Each \(\epsilon_i\) has a normal distribution.

How should we approach each assumption?

How do we define each assumption?
What are the consequences if the assumption is (very) wrong?
How do we detect if the assumption is (very) wrong?
What is/are the solution(s) if the assumption is (very) wrong?

Assumption 1: Zero Expectations of Errors

Definition: The assumption \(E(\epsilon_i) = 0\) implies that \(E(Y_i)\) depends on the explanatory variables in the way assumed by the model. That is, if we have the assumed model \[ E(Y_i) = f(x_{i1}, x_{i2}, \dots, x_{ik}) \] then \[ E(\epsilon_i) = 0 \Rightarrow E(Y_i) = f(x_{i1}, x_{i2}, \dots, x_{ik}). \] For the model to be a correct representation of the relationship between \(E(Y_i)\) and \(x_{i1}, x_{i2}, \dots, x_{ik}\) we require that \(E(\epsilon_i) = 0\) for all \(i = 1, 2, \dots, n\).

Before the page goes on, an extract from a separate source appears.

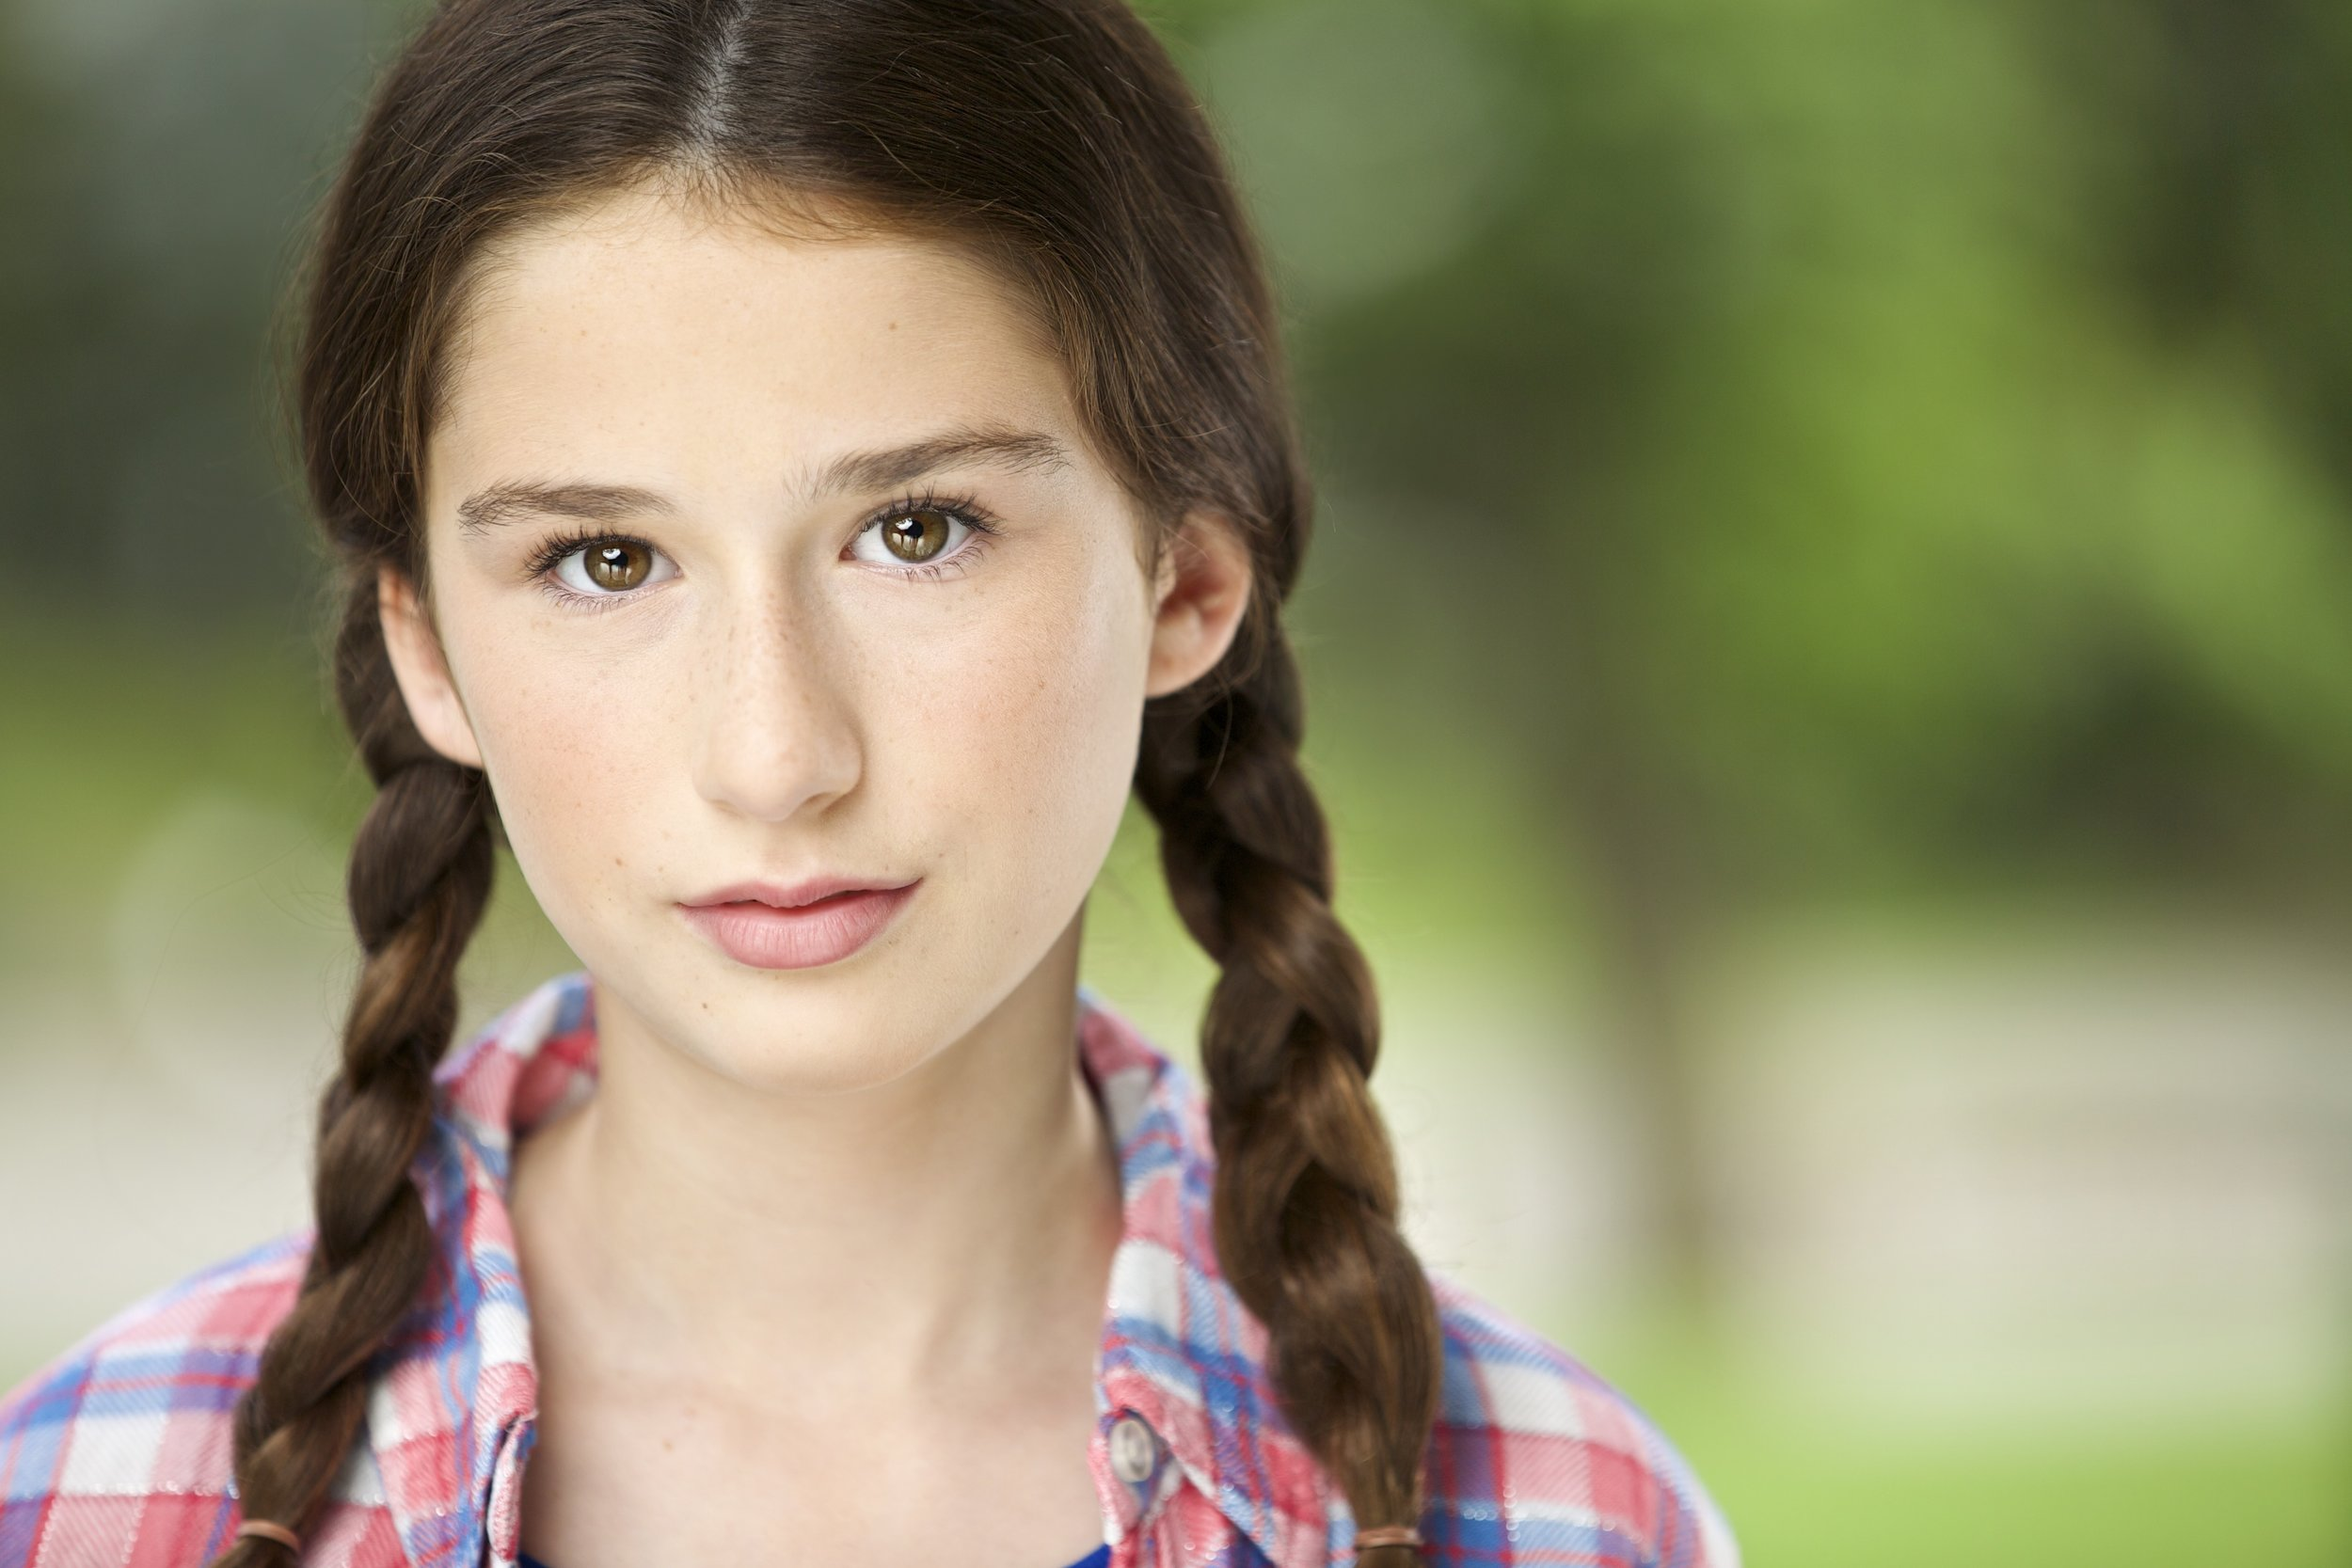 Samantha Rascio

Consequences: Estimates of parameters or some functions thereof (e.g., linear combinations) may be biased.

Detection: Residuals are statistics that are frequently used to empirically investigate assumption violations. There are several types of residuals.

Raw residuals. These are simply estimates of \(\epsilon_i\). In a linear model, for example, the error is \[ \epsilon_i = Y_i - (\beta_0 + \beta_1 x_{i1} + \cdots + \beta_k x_{ik}), \] by definition, so a simple estimator of \(\epsilon_i\) is the residual \[ e_i = Y_i - \hat{Y_i}, \] where \[ \hat{Y}_i = \hat\beta_0 + \hat\beta_1 x_{i1} + \cdots + \hat\beta_k x_{ik}. \] We can define the raw residual in a similar way for a nonlinear model.
Standardized residuals. Defined as \[ z_i = \frac{e_i}{\text{SE}(e_i)}. \] If the model assumptions are correct then \(z_i\) is approximately standard normal in distribution so we expect that about 95% of such residuals to satisfy \(|z_i| < 2\).
Studentized residuals. Defined as \[ t_i = \frac{e_i}{\text{SE}_{(i)}(e_i)}, \] where \(\text{SE}_{(i)}(e_i)\) is the standard error of \(e_i\) estimated by leaving out that observation. This avoids bias in the standard error in cases where \(E(\epsilon_i) \neq 0\). If the model assumptions are met then each \(t_i\) has a \(t\) distribution with one less degree of freedom than the residual degrees of freedom (i.e., \(n - p - 1\) where \(p\) is the number of parameters in the model). Unless \(n-p-1\) is very small, we expect that about 95% of studentized residuals satisfy \(|t_i| < 2\).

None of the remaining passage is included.